The outcome of the 2019 election in the city saw the Labour Party form a minority administration, with support from the Green Party of England and Wales. This shifted following resignations and expulsions of councillors from the Labour Party- leading to the Green Party forming the administration.

In 2022 a lot of the selection process from major parties and political groupings in Brighton began. Of the 16 Labour councillors, 7 announced that they are standing down at the next election. This includes the current co-leaders of the Labour group Carmen Appich and John Allcock and previous leaders Nancy Platts and Daniel Yates.

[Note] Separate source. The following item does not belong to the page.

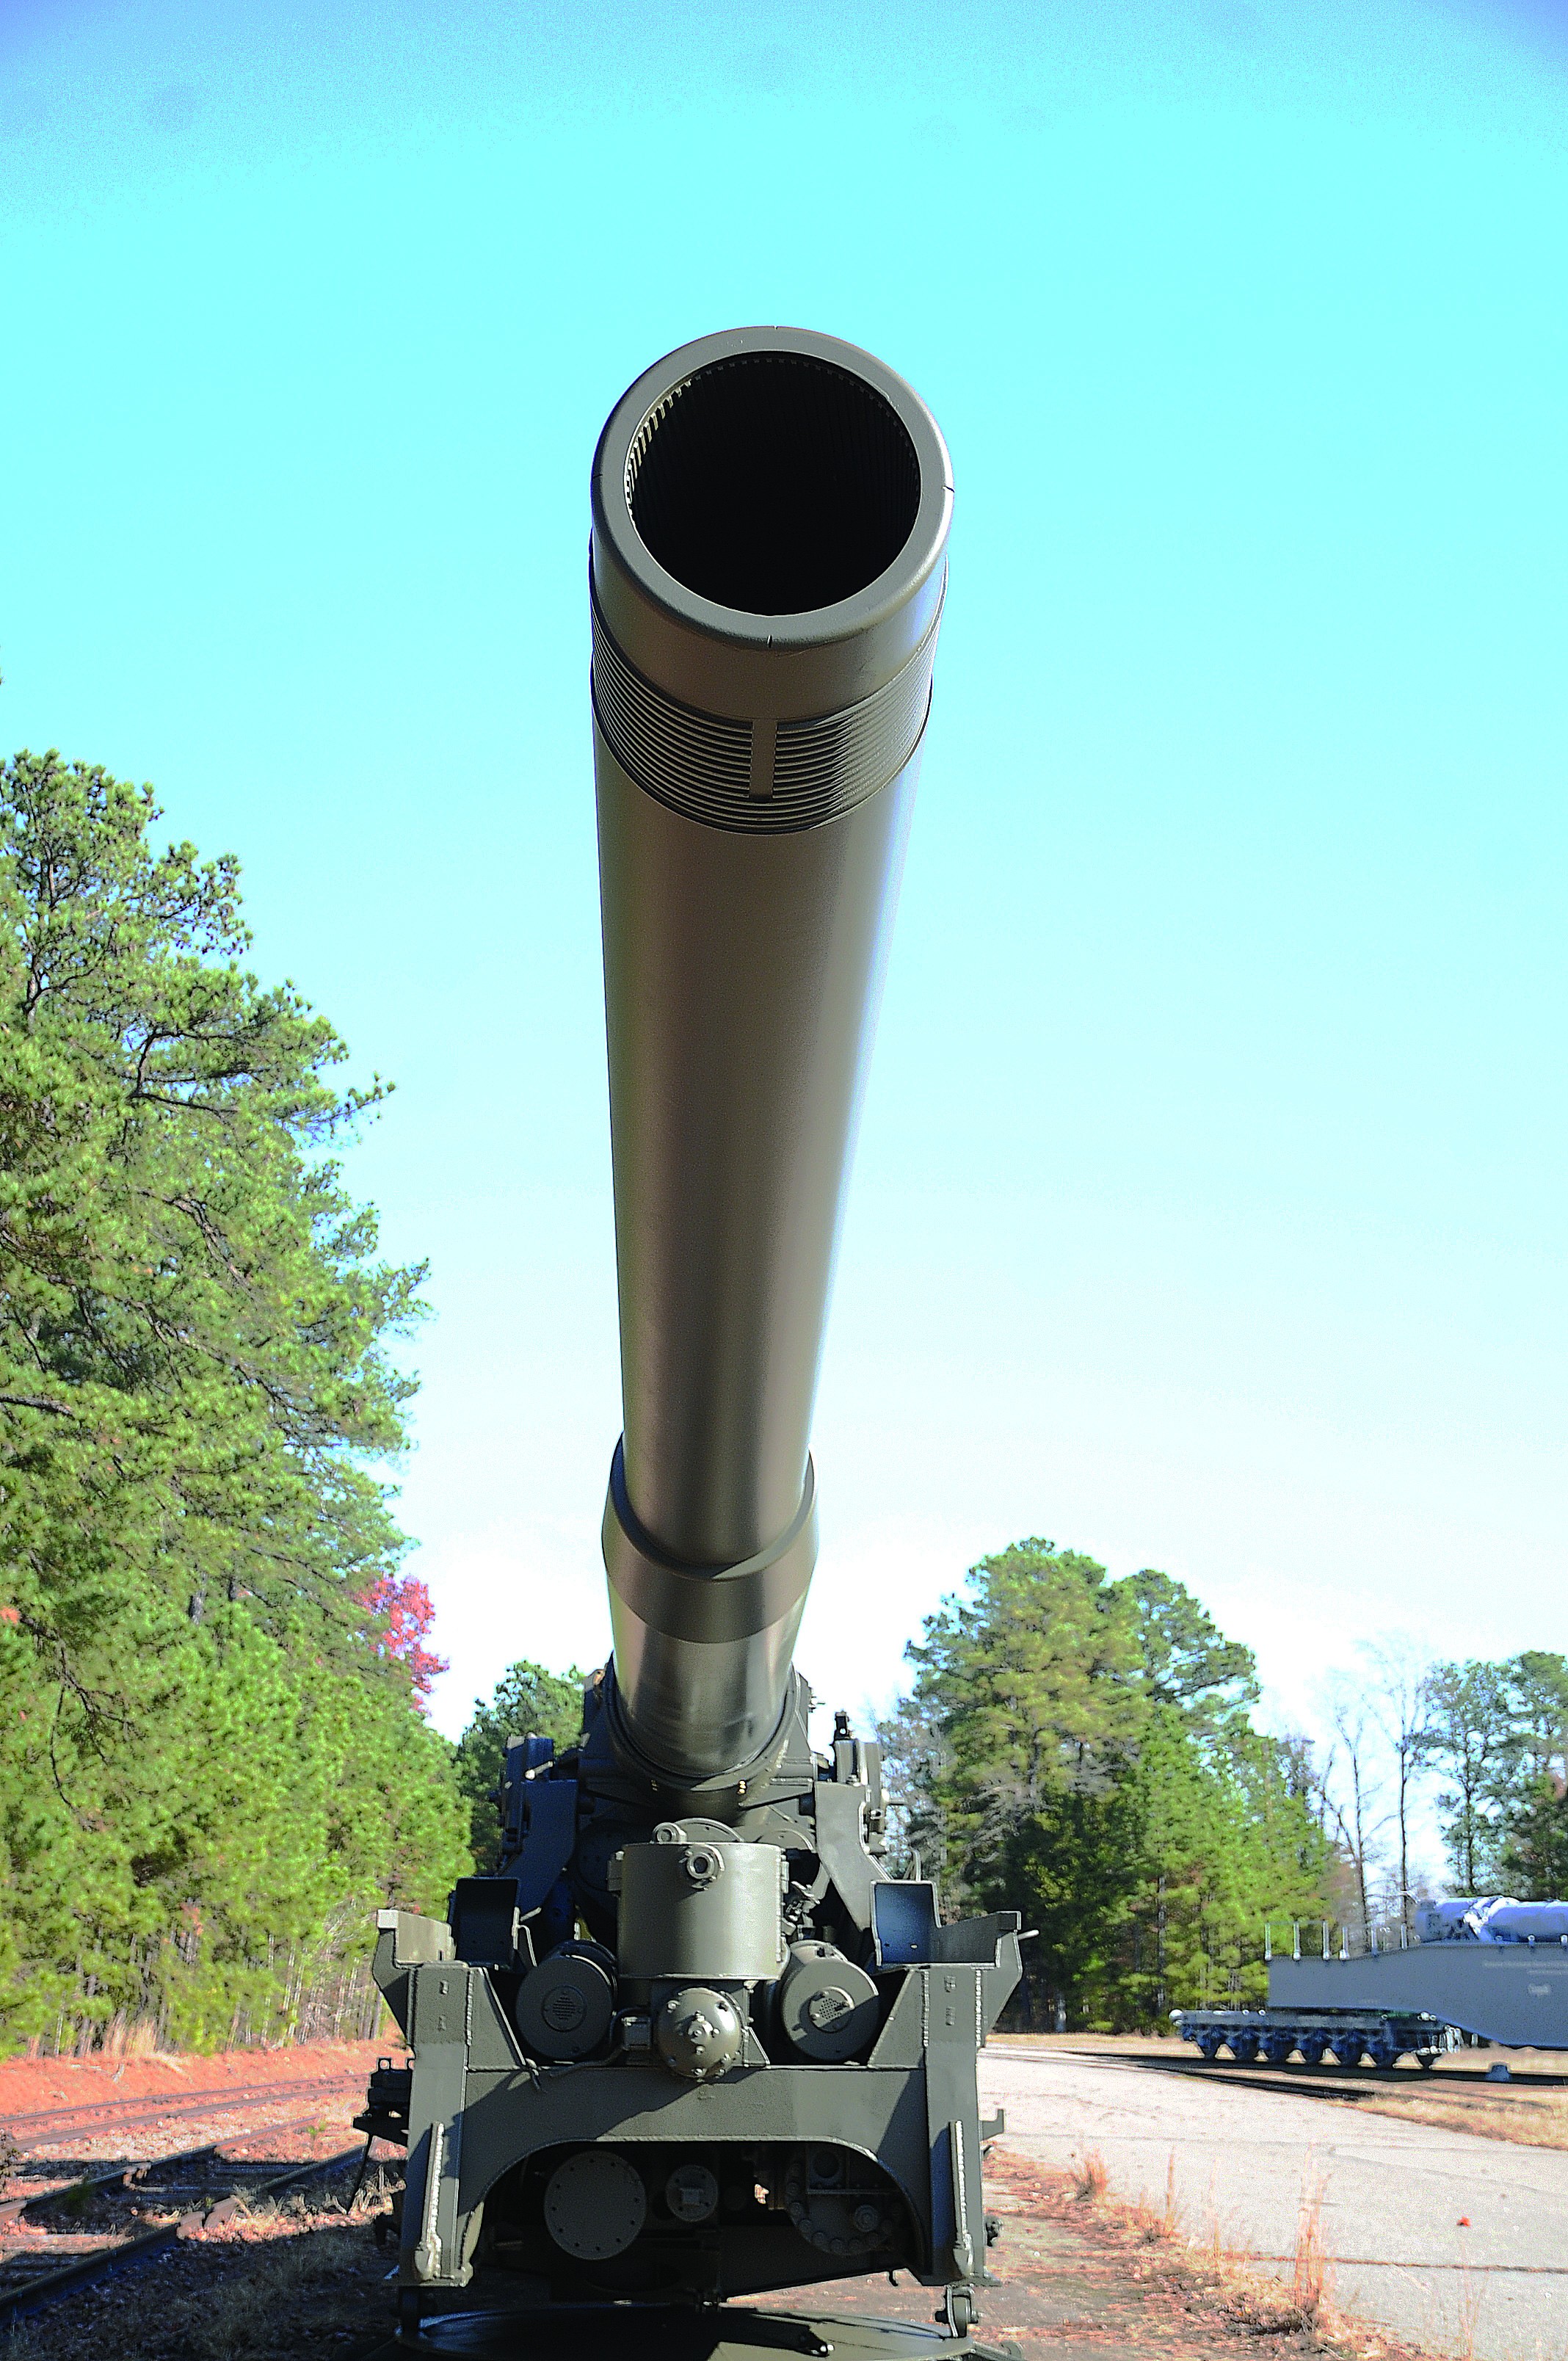 Nuclear-capable cannon makes its Fort Lee debut | Article | The United

Three by-elections took place in the city prior to the election. The third took place 5 May 2022- alongside the 2022 local elections- was triggered by the resignation of the Conservative councillor in the ward. Labour won the seat. In February, it was reported in the Argus that independent councillor Bridget Fishleigh aimed to run an 'Brighton and Hove Independent' slate at the next election.  In the May 2022, her bloc treated their candidate as a test of the interest, which the Labour Party won.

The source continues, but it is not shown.